Abstract:
A warning system for warning a lack of a working fluid for an engine. The engine is provided with an ignition unit supplied with an ignition power supply from a magneto. A sensing unit senses the lack of the working fluid and produces a detection signal. A warning element, connected to the magneto, receives a power supply to give a warning indicating the lack of the working fluid. A controller is responsive to the detection signal from the sensing unit for actuating the warning element to provide the warning without deteriorating a performance of the ignition unit.

Description:
BACKGROUND OF THE INVENTION 
     The present invention relates to a warning system for warning a lack of a working fluid of an engine. 
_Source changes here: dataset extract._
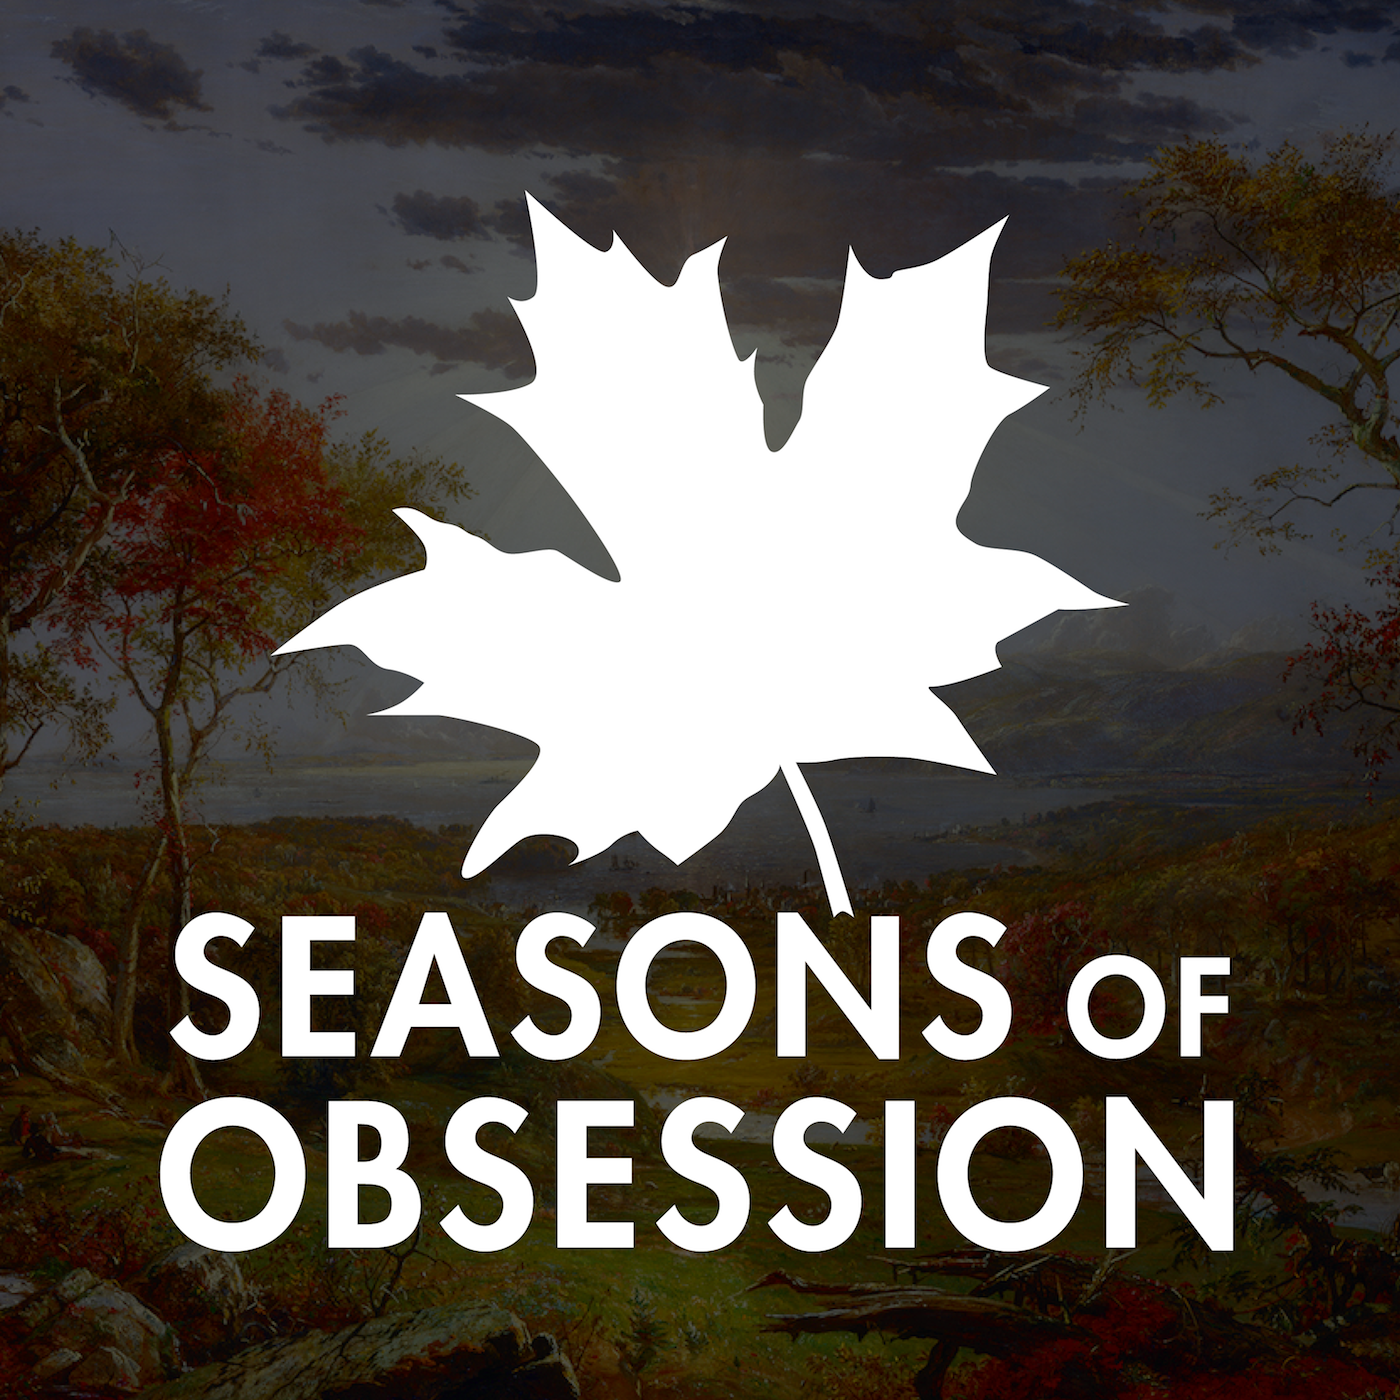 Seasons of Obsession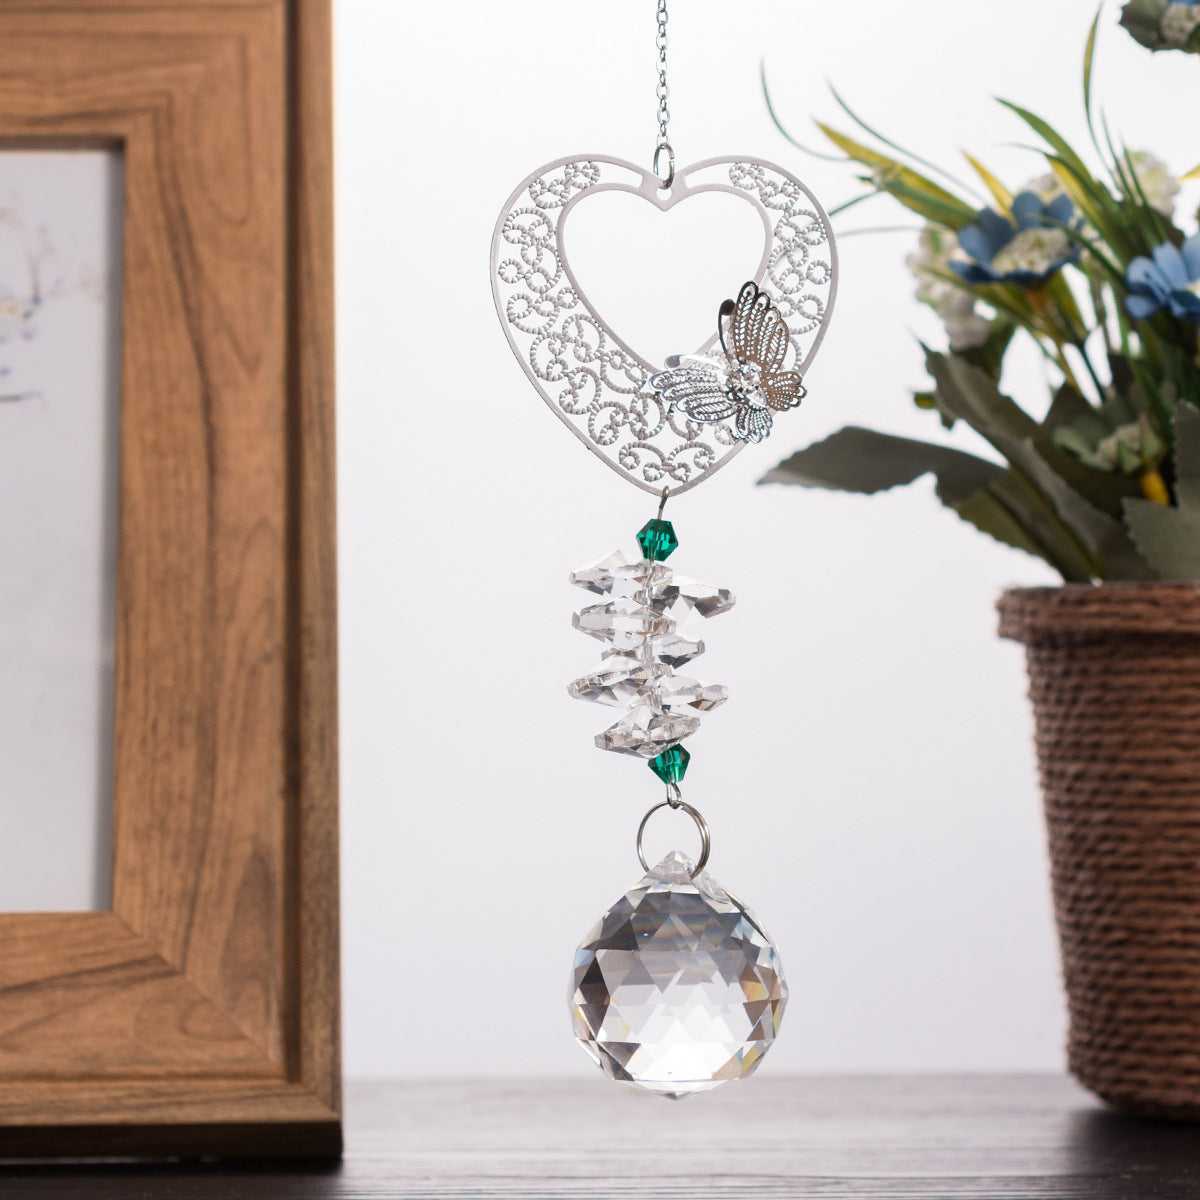 Crystal Suncatcher With Metal Art For Home Decoration

     One typical example of the conventional warning system for an industrial engine is disclosed in Japanese Patent (unexamined) publication 62(1987)-26379, for example. In this earlier attempt, the engine is stopped by a fluid level warning circuit electrically connected to an ignition device when a lack of the working fluid, for example, a lower limit of an oil level is detected. 
     Japanese patent (unexamined) Publication 62(1987)121833 teaches an attempt to provide a warning when an abnormality of an engine is detected. In the prior art, a warning device is connected in series with an engine abnormality detecting circuit and is supplied with an electric power by an ignition circuit. When an abnormality of the engine is detected, an electrical load for warning, such as a light emitting diode (hereinafter referred to as LED), is driven and the engine is stopped. 
     In small engines such as industrial engines (for utility), voltage is applied from a magneto to an ignition circuit. In this case, current which flows in the ignition circuit decreases when the LED is lit. This is because relatively large current is needed for lighting the LED. Thus, ignition energy for the ignition circuit decreases, so that hunting of the engine may take place. 
     For this reason, it is necessary to stop the engine simultaneously with the lighting of the LED when a lack of an engine oil is detected. However, when there is enough time until an engine trouble occurs after the engine oil decreases to a predetermined oil level, it is preferable not to stop the engine at once for continuing a work using the engine. 
     To overcome this problem, a separate power source such as a lighting coil may be provided other than the magneto, and the LED may be lit by the separate power source. However, the separate power source rather increases cost of the warning circuit. 
     SUMMARY OF THE INVENTION 
     Accordingly, it is an object of the present invention to provide a warning system for an engine, which system indicates a lack of a working fluid in the engine without stopping the engine when the working fluid decreases below a lower limit level during an operation of the engine. 
     It is another object of the present invention to provide a warning system for an engine, which system does not need any separate power source other than a magneto for driving an electric load for warning. 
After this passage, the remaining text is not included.